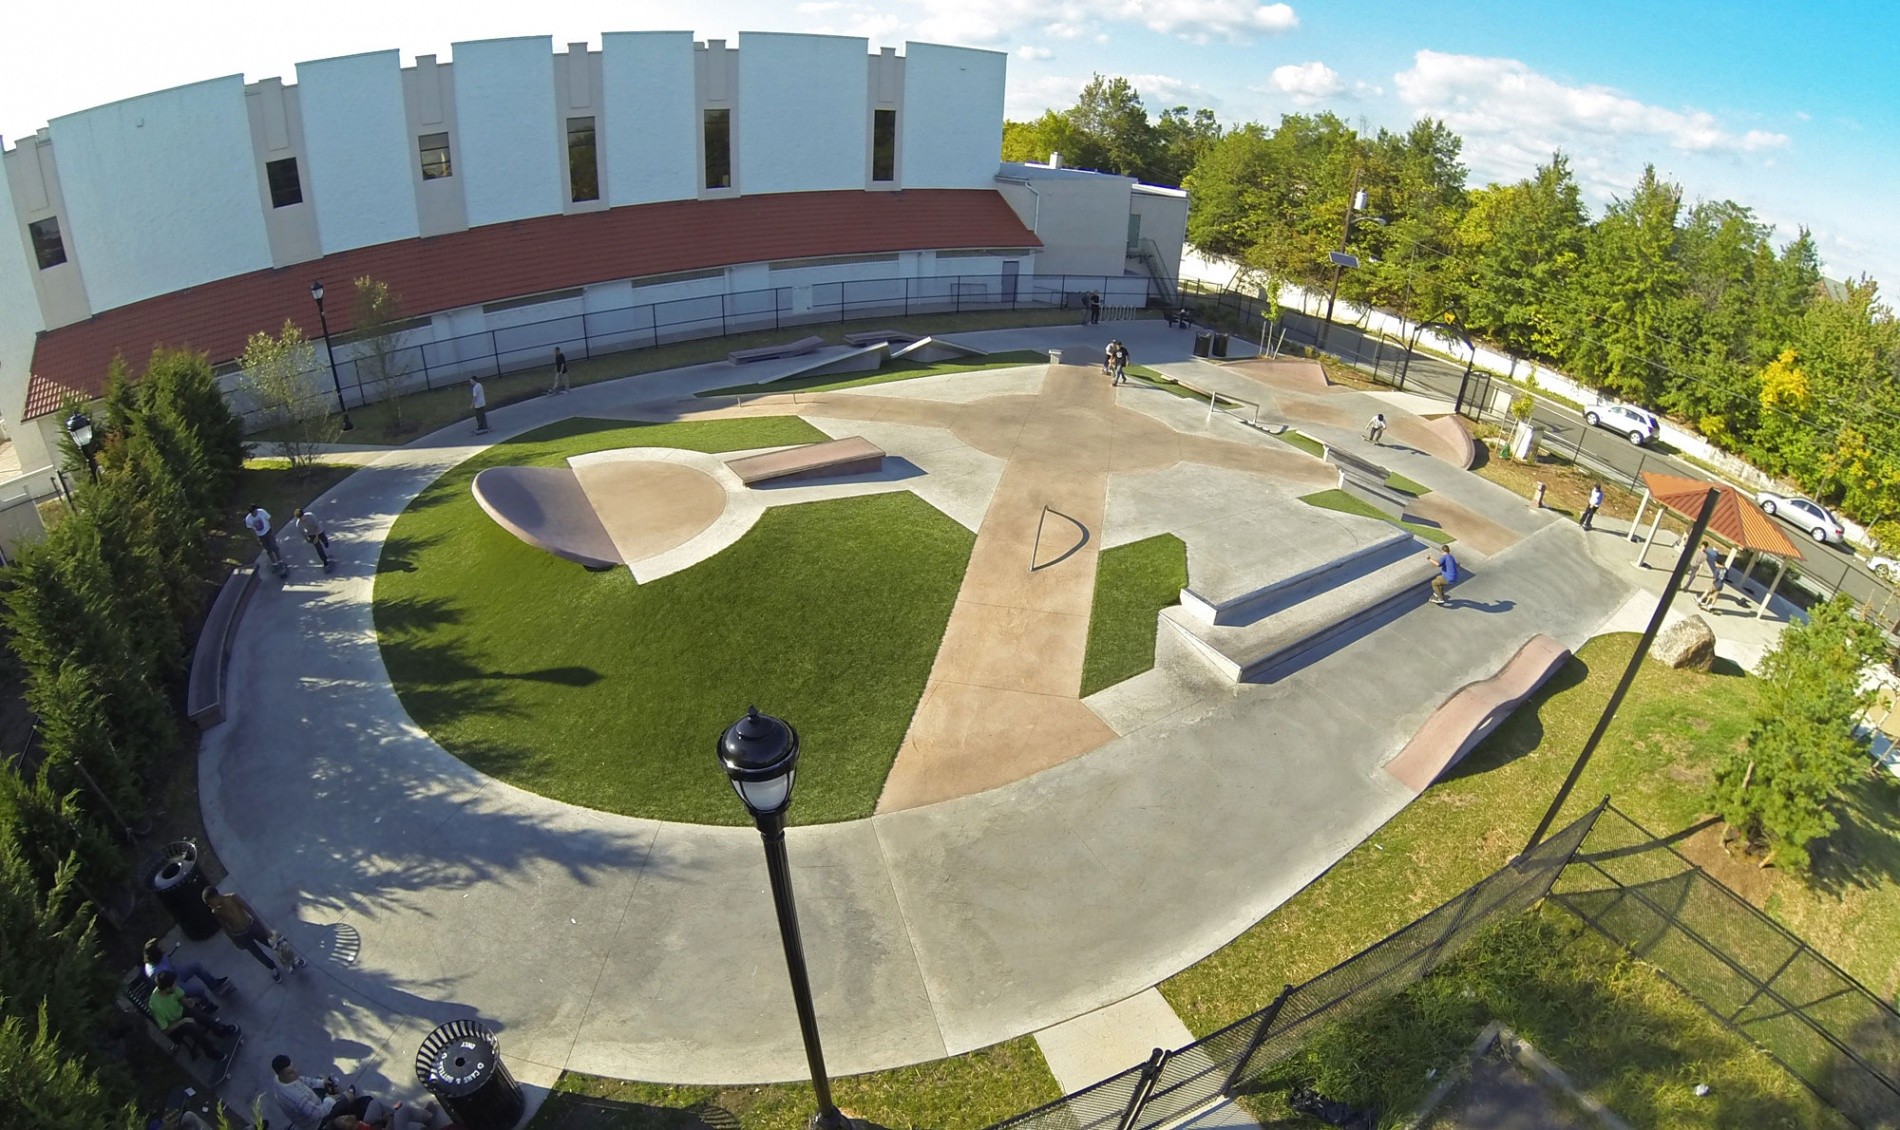 Holland Skate Plaza
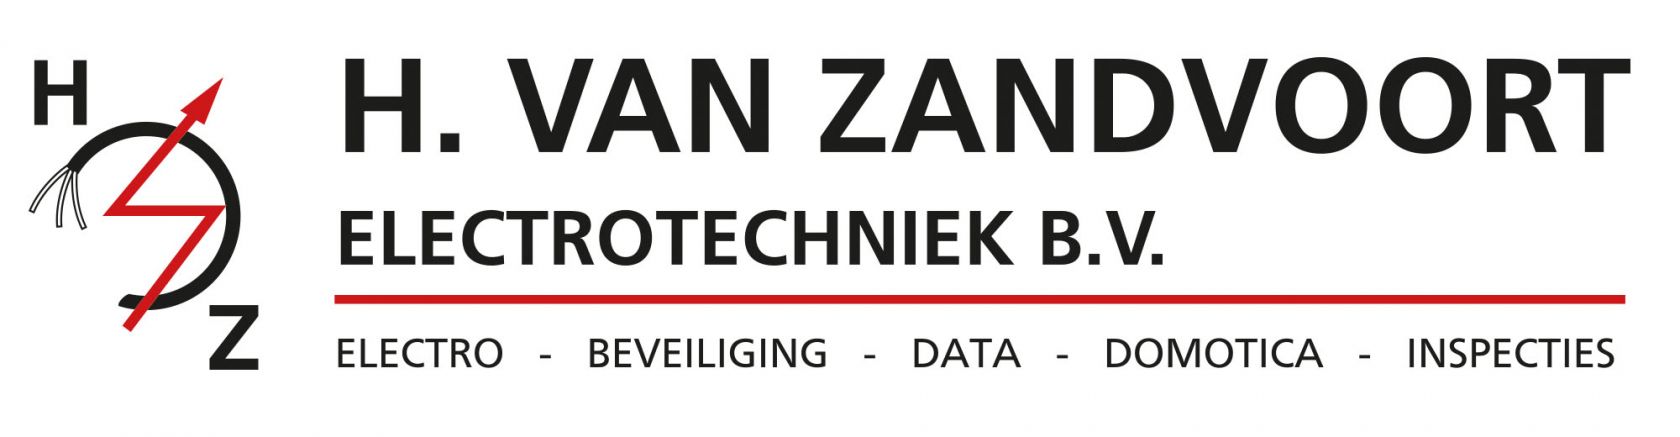 H. van Zandvoort Electrotechniek B.V.
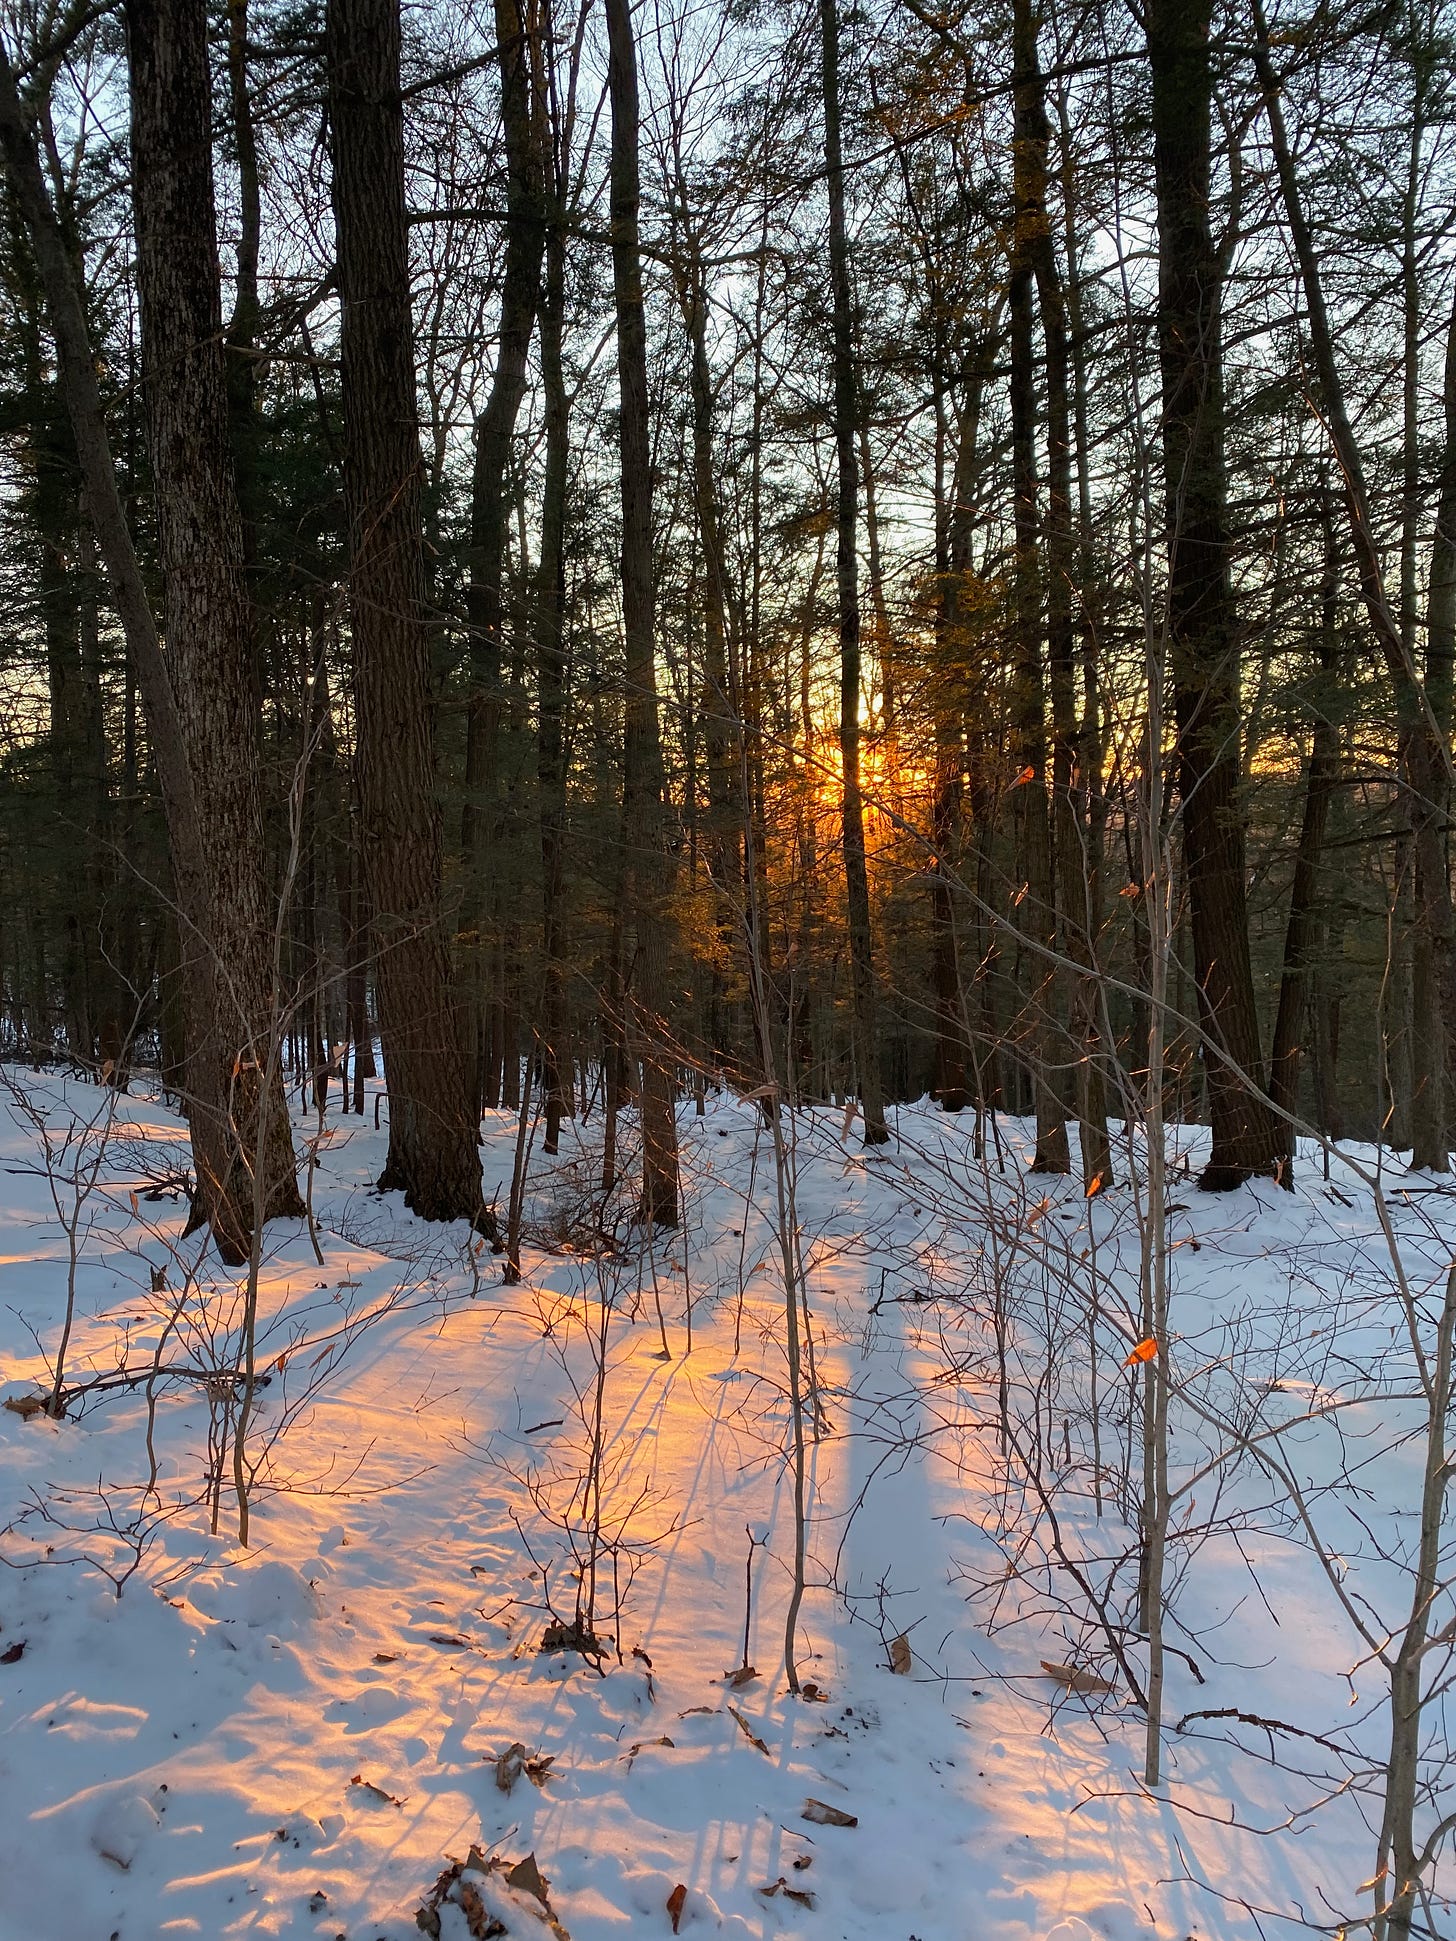 The setting sun casts long golden shadows on the snowy forest floor.
★ ★ ★ ★
## What you have to do
The data above should be repeated exactly, minus any pictures.

## Answer section
 Holland Skate Plaza
 H. van Zandvoort Electrotechniek B.V.
 The setting sun casts long golden shadows on the snowy forest floor.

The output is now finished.